The Sigil
Mr. 3000 (Words per post)
I think you're either missing the point or side-stepping the question. The question was not about the "cultural stability" or "social stability" of your world. Leaders of men have nothing to do with the question at hand.Drawmack said:Generally speaking I do not concern myself with a stable world. While there are leaders who's goals do not change eventually the leaders do. The world is ever changing and in a constant stat of flux much like our own world.
I think the question of "how do you provide stability to your world," was meant as, "how do you provide moral consistency with no absolutes?" Is the same action, carried out with the same motivations, ethical/moral in one geographic region and unethical/immoral in another?
Whether or not you like the labels, "good/evil/law/chaos," the question is a legitimate one - is there any sort of "moral" or "ethical" stability in your world - are there blacks and whites and shades of gray - or are all actions always equally gray? In a "true" moral relativist world, all actions are always equally gray... because the action itself means nothing. It becomes strictly a matter of DM Fiat to say, "that is a good action" and "that is an evil action," and the DM can change his mind at whim. Players need to know that an action that is considered "good" at one time is considered good every time - if it changes, then there IS no moral stability. And that consideration is, for all intents and purposes, the Truth as it exists in your game world. Not in the real world, necessarily, and not in everyone else's world, but in YOUR game world.
If a world that is one single monochromatic shade of moral gray is the world you play in, how then do you explain the existence of gods, clerics, paladins, outsiders, positive and negative energy, and a whole host of other things assumed in the system? These things rely on there being (at least) shades of gray, if not black and white. For the "standard" D&D campaign, these issues are important.
Finally, is a world where everything is the same shade of moral gray as compelling as a world where there are lighter and darker shades? I think not. A world where everything is the same shade of moral gray is a one-color world; that's even LESS compelling and has less potential for simulating realism than a world that has varying shades of gray - you can represent more with black and white than you can with just one shade of gray - and if, as I do, you believe that the D&D system is not "black and white" but rather "the whole spectrum of grays between black and white as well," you have a lot more opportunity for detail and thought. Of course, NEITHER of those is as good as "full color," but as this is a game, and not reality, you really have no chance of getting "full color."

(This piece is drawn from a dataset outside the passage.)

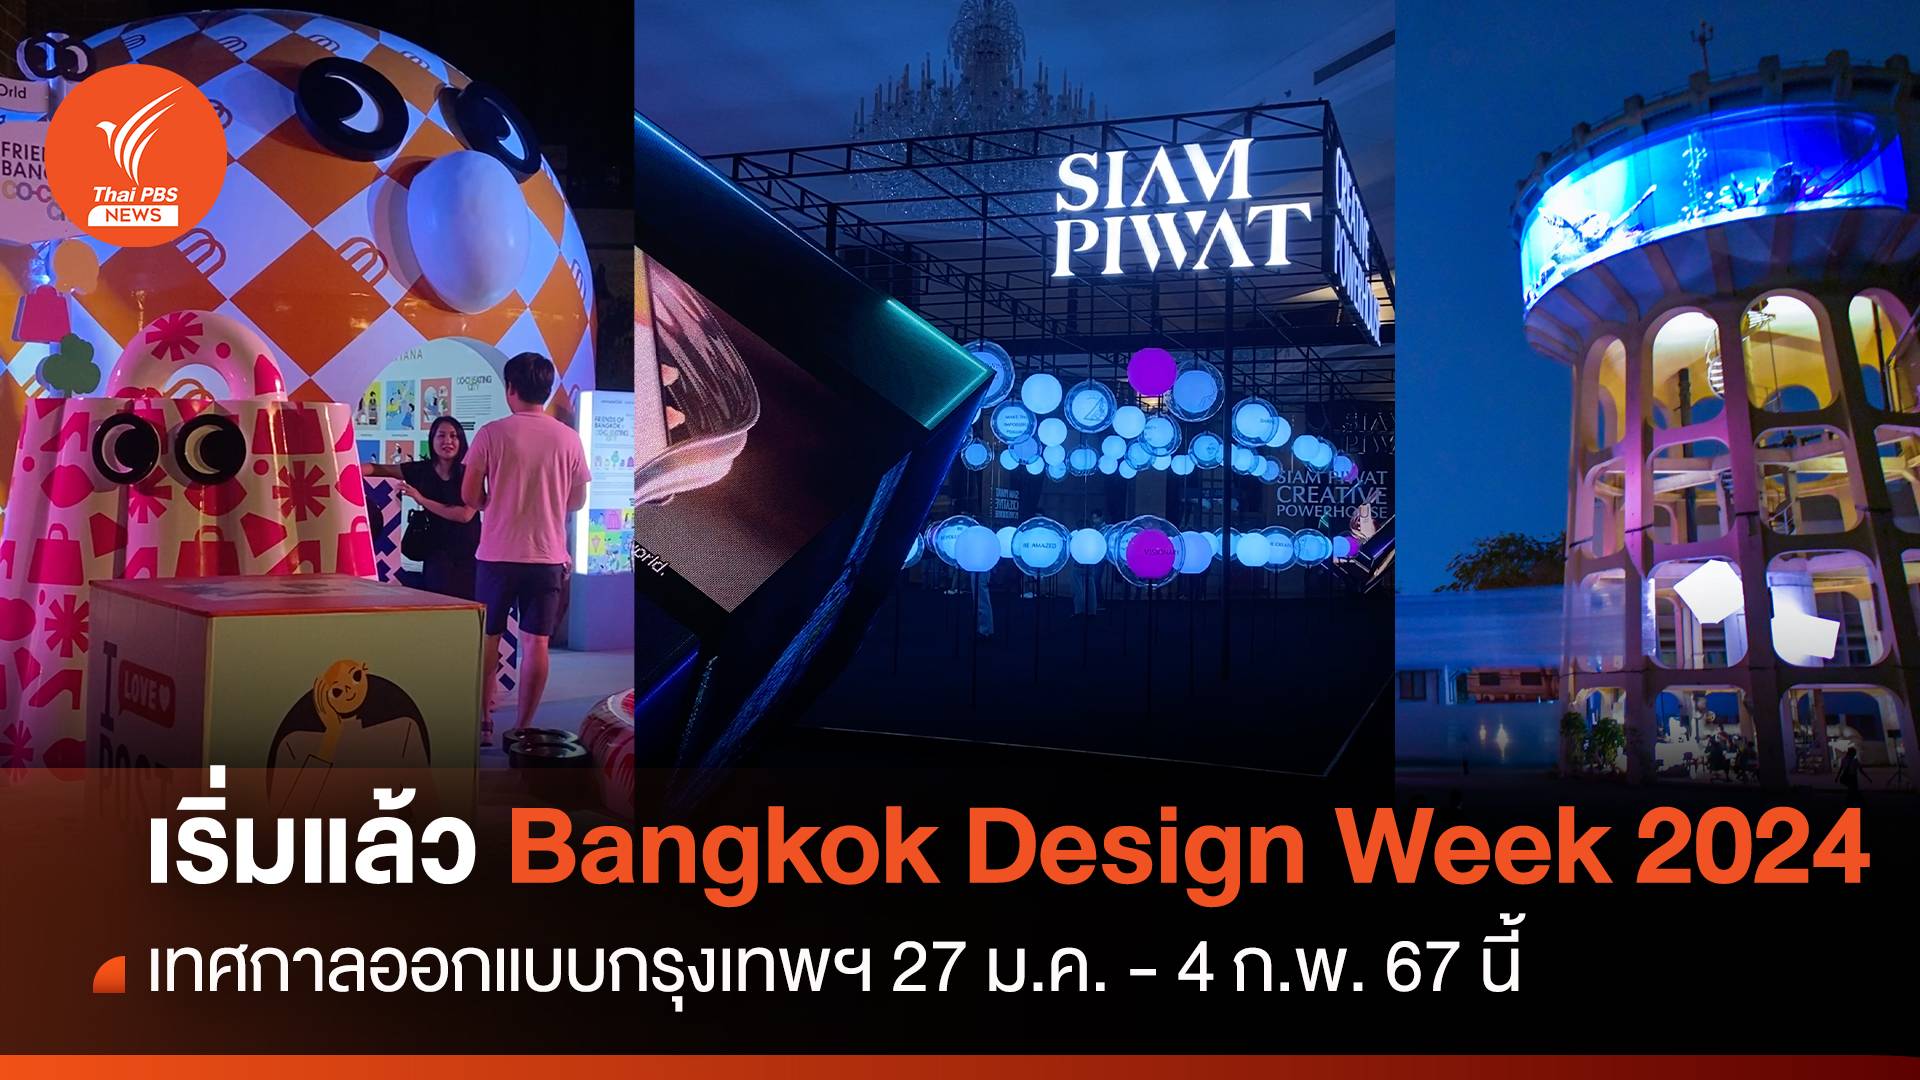 เริ่มแล้ว! เทศกาลออกแบบกรุงเทพฯ Bangkok Design Week 2024
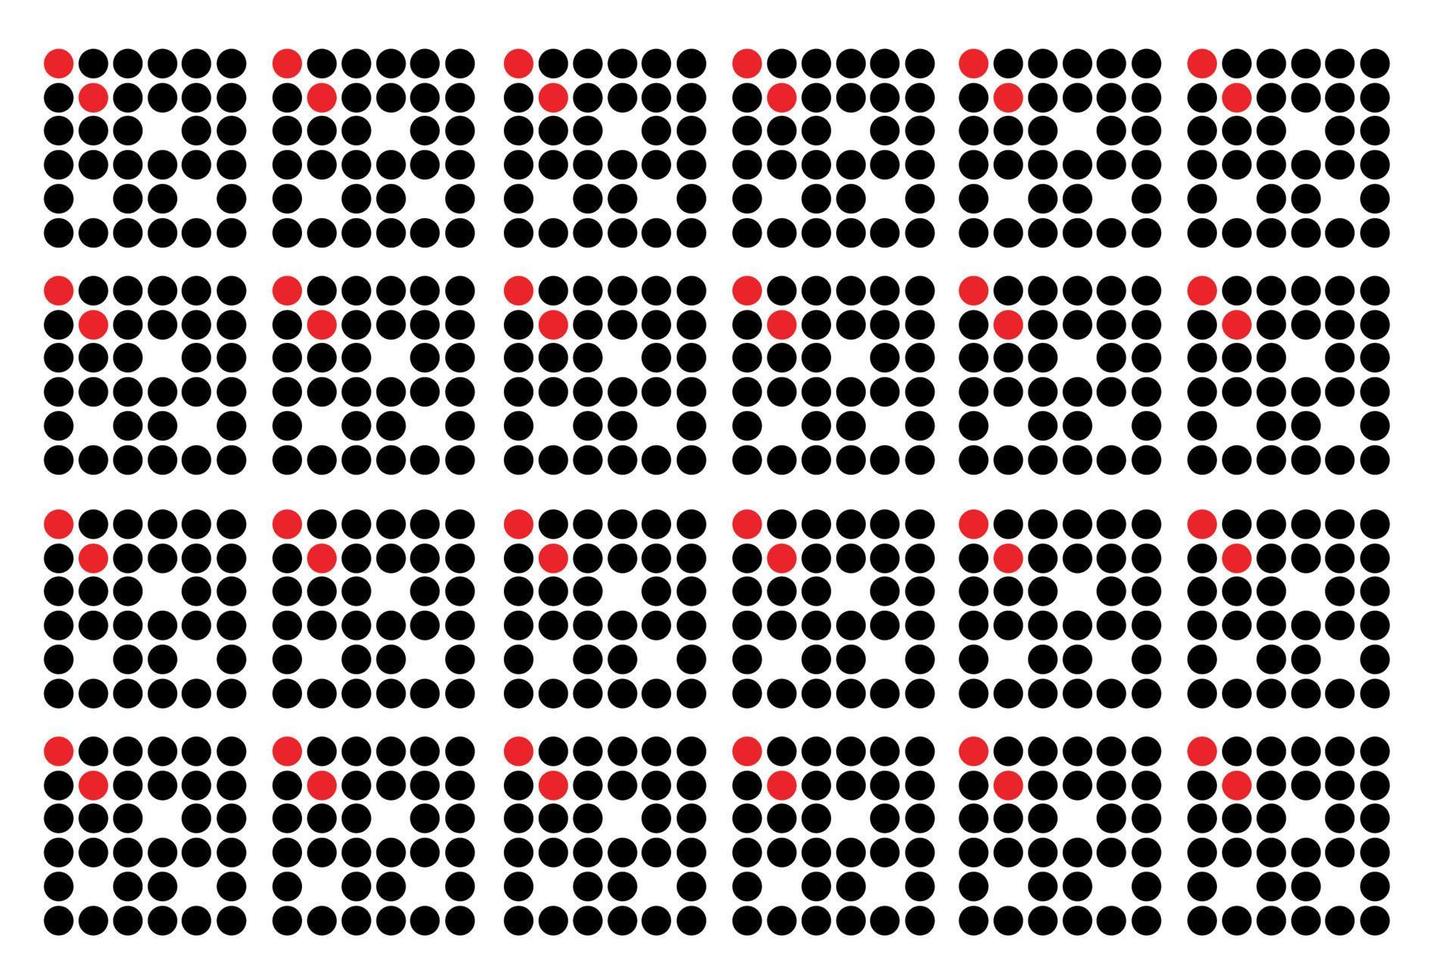 verzameling patroonsjablonen. geometrie oriëntatie vector zakelijke presentatie bundel voor ontwerp lay-out, poster, geometrische concept dekking.

Some times the motivation stops this. The paladin who has the motivation of spreading the word of his good diety (I do maintain alignments for outsiders and dieties as I believe that gods create truth and therefor can live by their truth) will not do so by killing the evil overlord who has been good to his people. Sometimes it is imposible, just as it sometimes is impossible with the alignment system. Also certain acts to no further a goal, acts I do not think I have to name.
So in your world, gods create truth... is the truth created by the gods the Truth for your world then? Can your gods die/be killed/replaced - or even change their minds? If so, you are again reducing everything to the same shade of moral gray. If not, then you have a standard of Truth for your game world - and I'm not sure what you are complaining about the alignment system for, in that case, unless it is a dissatisfaction borne of trying to reconcile the alignment system with your Real-World beliefs.
You see, I think the grid-like system is not as "restrictive" as you think. I know it's been discussed in the past, and I myself don't actually "assign point values," but think of the alignment system as a number line... where -10 is absolute, pure evil and +10 is the whitest, purest good. The alignment system is not a "grid" so much as it is a "line of demarcation" along the spectrum... "EVIL" is not exactly -10, "NEUTRAL" is not exactly 0, and "GOOD" is not exactly +10. "Good" might describe anyone from +3.00000001 to +10, while "Evil" might describe anyone from -3.00000001 to -10, and "Neutral" is -3.0000000 to +3.0000000 - which means there are an infinite number of "slightly different" shades of neutral (or good or evil)... it's only when you cross from 3.000000 to 3.0000001 that you change alignments - at 3.00000 you are "neutral with strong good tendencies," if you will. In the same way, we have many shades of red... and all of them are "red" - but not all of them are the same, "red."The grid like system as it is now. Goals change as they are completed or abandonded and motivations stay pretty much the same. I play it as a way for the character to be in flux and stable at the same time. It's hard to explain but it plays very well.
I would like to see you give a little further elucidation of your system, but from what it seems to me, you are taking alignment too granularly - it's not "there are three possibilities per axis" but rather, "there are infinite possibilities per axis, and these fall into three broad, sweeping categories." Again, a "good" person is not "perfect" in D&D... just "good" more often than not - he DOES and SHOULD have flaws that keep him closer to the +3.0000001 than to the +10 (reserved for Angels, Gods, and other beings "born/created/made/defined" of "Pure Goodness"). 99% of mortals tend to spend their time mucking around between +6 and -6... and one mortal in a generation might go as high as +8 or -8.